The mission, which is now in phase B and is scheduled for launch in 2035, will put three spacecraft in orbit around the Sun on a triangular constellation. On each spacecraft two laser beams will be generated and directed towards the other two, providing, by interference with the local beams, information on the deformations of the 2.5 million km distance caused by the passage of a gravitational wave.²

One of the main concerns for this mission is the amount of stray light present in the LISA interferometric measurement system, since the noise objective in the LISA arm length measurement implies that the allocations for stray light-related noise are kept well below for most of the many possible contributions to stray light. To test the absence of such low levels of stray light after integration, an instrumentation must be built, the SL-OGSE (Stray Light Optical Ground Segment Equipment) with the purpose of measuring the stray light optical amplitude, for each possible stray light path length leading to one given LISA’s photoreceiver.

To do so, the instrument will inject, using one of LISA’s optical bench injectors, a laser beam with an optical frequency that is ramped linearly with time, and record the signals from several photoreceivers:

The Fourier transform of the recorded signals will reveal the presence of interference fringes caused by stray light interfering with nominal light. From the frequency of a given fringe, and the knowledge of the laser’s optical frequency ramp, one can infer the stray-to-nominal light path length difference, and thus identify the faulty component, in addition to providing the corresponding optical amplitude.³

The SL-OGSE will produce a 2 W laser beam and inject it in LISA’s interferometric optical bench (OB) through the Tx fibered injector. A fraction will be picked-up for referencing the OB’s interferometers, but most of this power will be transmitted through the 30 cm diameter telescope, designed to send the beam to the distant spacecraft. During the SLOGSE tests, this powerful and large beam must be dumped, yet keeping to a minimum the optical return (back-reflection and scattering) to LISA’s telescope and interferometers.

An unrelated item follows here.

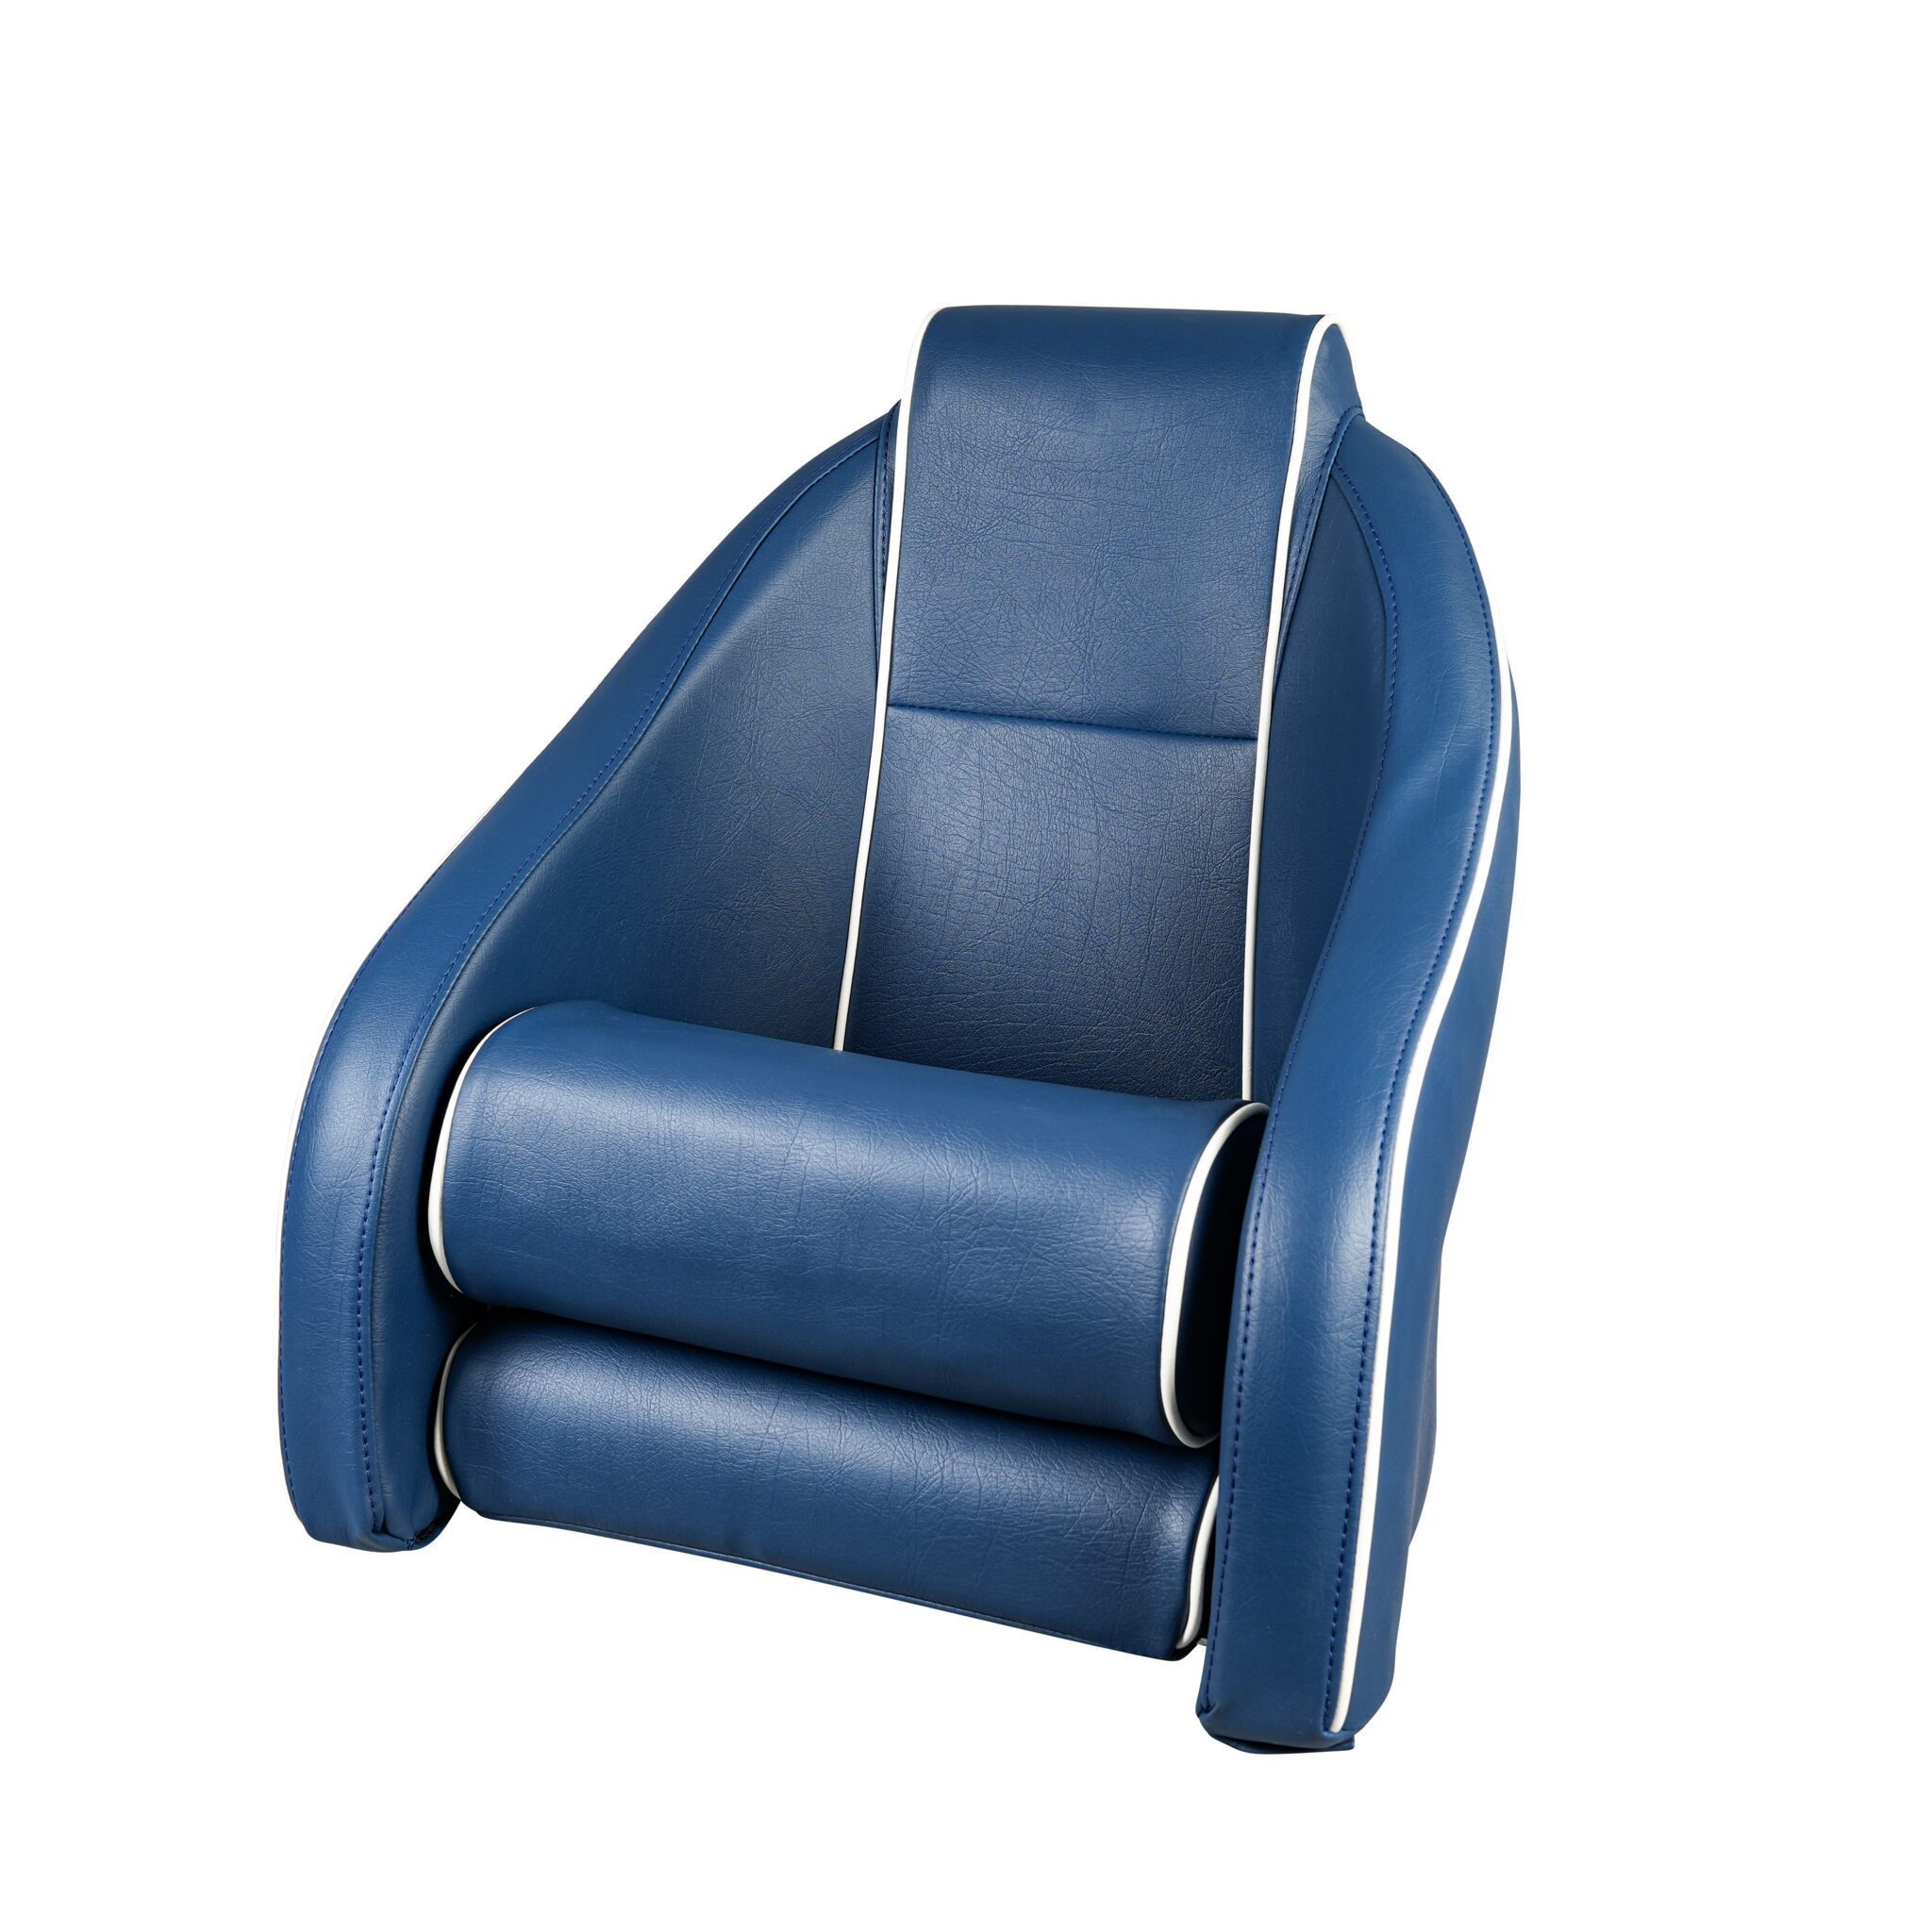 Blue Sea helm seat with neck support Porto

But the variations of the emitted beam power must also be measured, to assess the fraction of stray light present in the beam emitted to the distant spacecraft.

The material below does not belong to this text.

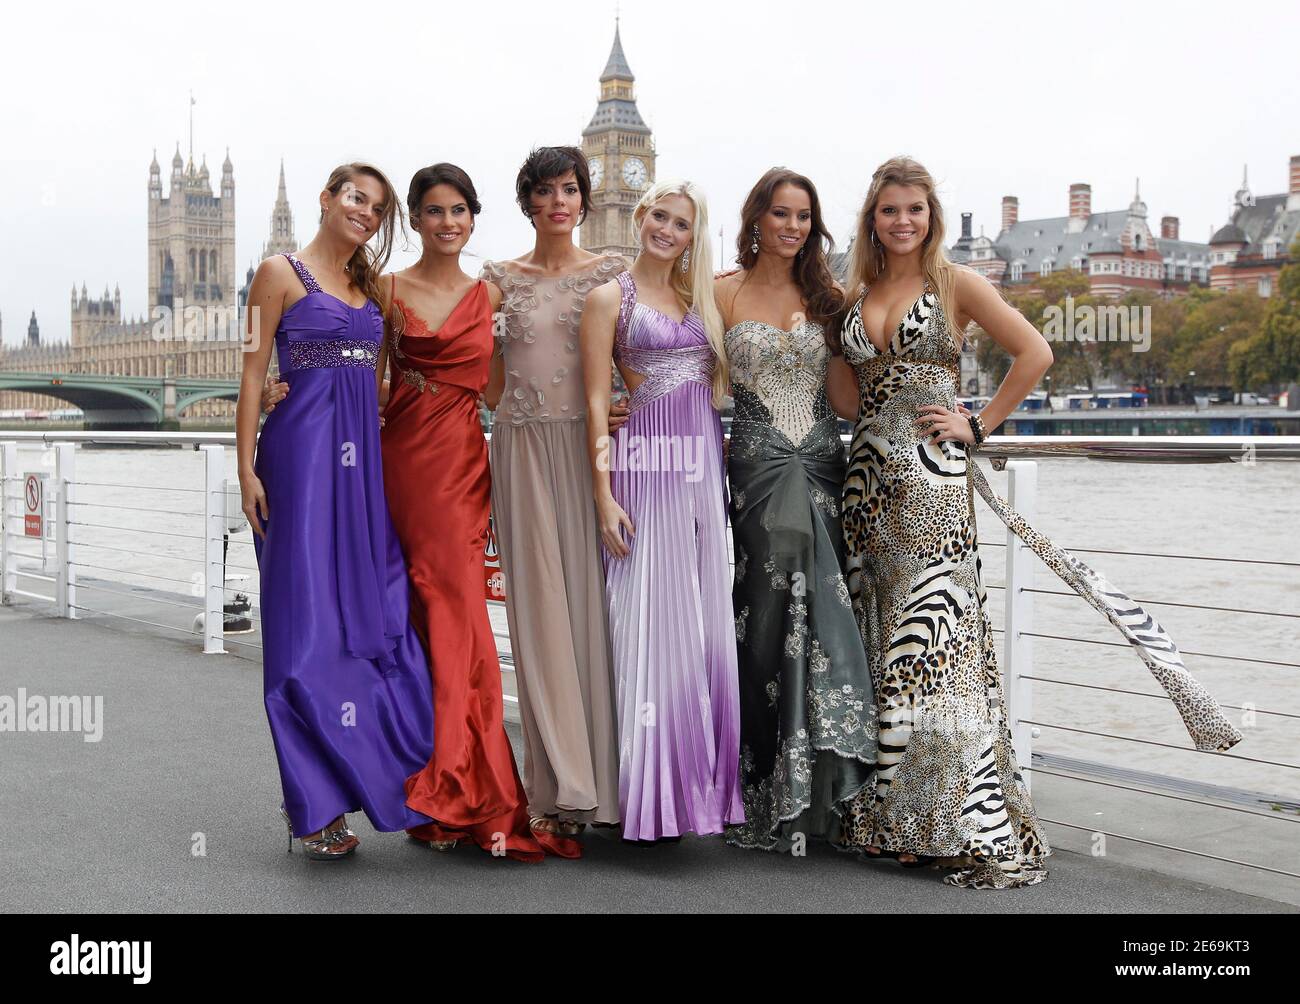 Miss World 2011 contestants (L-R) Miss France Clemence Oleksy, Miss Spain Carla Garcia Barber, Miss Italy Nunziata Bambaci, Miss Germany Sabrina Reitz, Miss Netherlands Jill Lauren De Robles, and Miss Belgium Justine De Jonckheere pose for photographers in front of the Houses of Parliament and the Big Ben clocktower in London October 31, 2011. The Miss World Finals will take place in London on November 6.  REUTERS/Suzanne Plunkett (BRITAIN - Tags: SOCIETY ENTERTAINMENT) Stock Photo

The TAP (Tx attenuating photoreceiver) is the part of the SLOGSE instrument that is dedicated to these tasks, and given the peculiar nature and characteristics of the beam involved, it requires a custom design and a careful study of its performance in terms of geometry and optical return.

This document will describe the foreseen design, choice of optical elements, materials and performance of the TAP.

2.

SETUP DESCRIPTION

The schematic of Fig. 1 shows the ensemble of the instrument within its vacuum chamber and with associated equipment and electronics.

Figure 1:

Schematic drawing of the SL-OGSE setup. Double green lines: polarisation maintaining fibers. Single black lines: photoreceiver signals. Double black lines: command/controls and sensors.

The target of the SL-OGSE instrument is to observe the different contributions to stray light in the photoreceivers and in the emitted beams, and measure the fractional optical amplitude of each contribution. One can show³ that the fractional optical amplitude is equal to half the fractional fringe amplitude in the photoreceiver signal when the SL-OGSE laser’s optical frequency is swept. The list of the fractional fringe amplitudes vs the corresponding fringe frequencies represent the stray light content to a given photoreceiver when shining a given fibered injector and allows identification of the faulty components.

At the 30 cm diameter telescope aperture a 2 W “Tx” (transmit) beam is emitted, and, during the stray light tests, such a powerful beam coud be a tremendous source of stray light if not appropriately dumped before it scatters on the walls of the vacuum chamber. The TAP is designed to avoid this occurrence.³

2.1

TAP design

The TAP will be composed by three optical elements: a parabolic absorbing mirror, a pinhole, a photodiode (PD), as shown in Fig. 2. The first element will focus the beam, reducing it to a manageable size, and its reflectivity will be chosen so as to decrease the beam power to a level (2 mW) that is appropriate for PD detection. The second element will block the reflection from the PD. The latter element will, during the frequency scans, record the Tx beam power, and hence, after Fourier transform, provide the required information about the stray light content in the Tx beam emitted towards the distant spacecraft.

Figure 2:

Schematic of the three elements of the TAP: parabolic mirror with 0.2 % reflection, pinhole and photodiode. Drawing is not to scale.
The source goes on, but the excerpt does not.